Per ristabilire la verità sul Monte e sulla Fondazione ci vorranno anni, ma bisogna pur iniziare. Lo spunto ce lo fornisce un articolo del Corriere della Sera che mette in luce, se mai ce ne fosse stato bisogno, gli errori compiuti dalla Fondazione, dal presidente Gabriello Mancini in primis, ma anche da parte una buona parte dell’organo di gestione. Nell’ articolo di oggi si sostengono cose gravissime:
1. i sindaci revisori della Fondazione erano contrari alla totale
sottoscrizione dell’aumento di capitale e non sono stati ascoltati.
2. Anche il direttore Parlangeli era contrario ed è stato allontanato.
3. È stato sottoscritto l’aumento di capitale su indicazione del Comune.
Partendo dall’ultima affermazione, il signor Gabriello Mancini deve andarsene, perché in base all’autonomia statutaria (sancita da due sentenze della Corte Costituzionale), egli deve fare gli interessi dell’Ente che presiede e non essere accondiscendente. Non risulta che il Comune fosse l’ente a cui Mancini doveva dar conto. L’ultimo documento (quello prima delle nomine) non parla volutamente più di maggioranza o 51% ma di INDIPENDENZA STRATEGICA e di eccessiva concentrazione patrimoniale chiedendo addirittura la diversificazione. L’aumento di capitale si svolge in piena campagna elettorale e forse più che dal sindaco uscente gli input giungevano da quello subentrato che in occasioni pubbliche aveva esternato la necessità di mantenere il 51%. Insomma, l’autonomia tanto decantata rasenta il ridicolo.
Parlangeli viene cacciato per aver detto le stesse cose dei sindaci revisori ad elezioni amministrative avvenute, la mattina del 2 luglio, tanto per non dare nell’occhio, quindi Mancini e l’organo gestionale sono talmente d’accordo nel sottoscrivere lo scellerato aumento di capitale da liberarsi alla chetichella di un provveditore divenuto troppo scomodo. Il nuovo consiglio comunale nel settembre 2011 approva una mozione sulla Fondazione che loda la sottoscrizione dell’aumento di capitale da parte della Fondazione.
Le date sono fatti e non possono essere stravolti.
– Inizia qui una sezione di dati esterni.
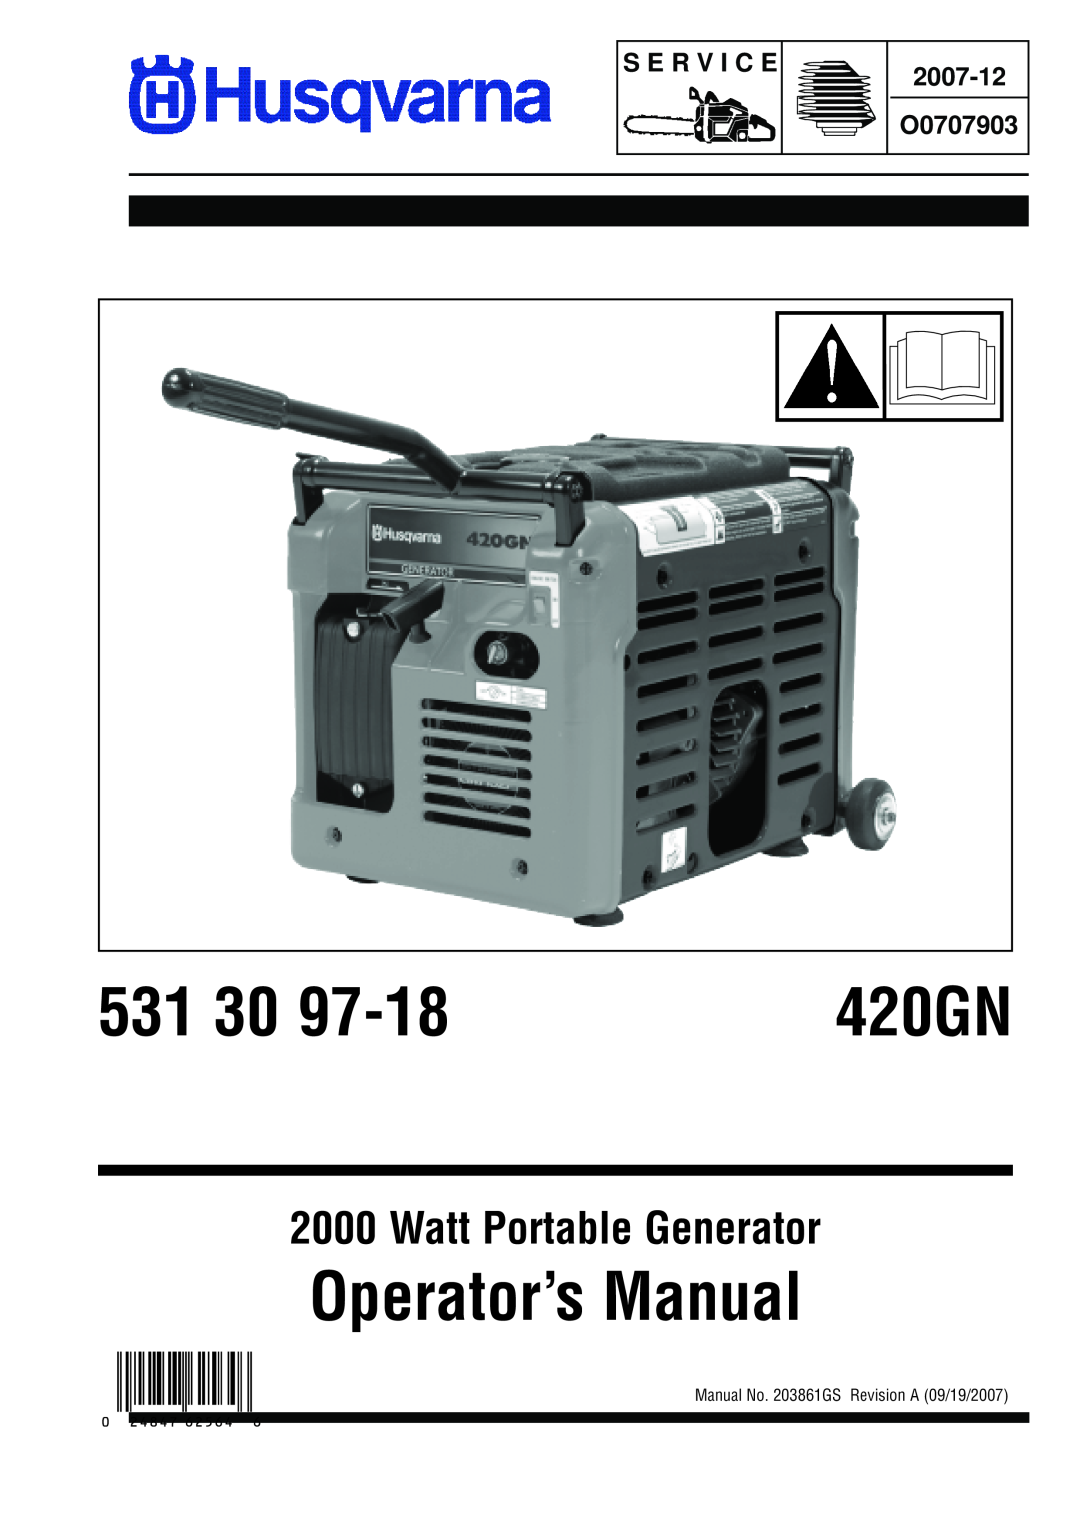 Husqvarna 420 GN manual Watt Portable Generator, 2007-12 O0707903, Operator’s Manual, 531 30, 420GN, S E R V I C E

Dalla vicenda emerge la totale inconsistenza del presidente della Fondazione e dell’Organo di Gestione che già da tempo avrebbero dovuto dimettersi, per non aver rispettato le indicazioni degli enti nominanti, per non aver rispettato le indicazioni dei loro stessi organi di controllo, tenendo poi un atteggiamento completamento supino e subalterno rispetto alla banca e non esercitando mai il ruolo di azionista di riferimento, concedendo deleghe in bianco e spogliandosi di poteri prima ad essa attribuiti. Oggi, che non conta assolutamente nulla, il permanere in quella posizione rappresenta solo il tentativo di prendersi gli ultimi emolumenti prima che cali il sipario.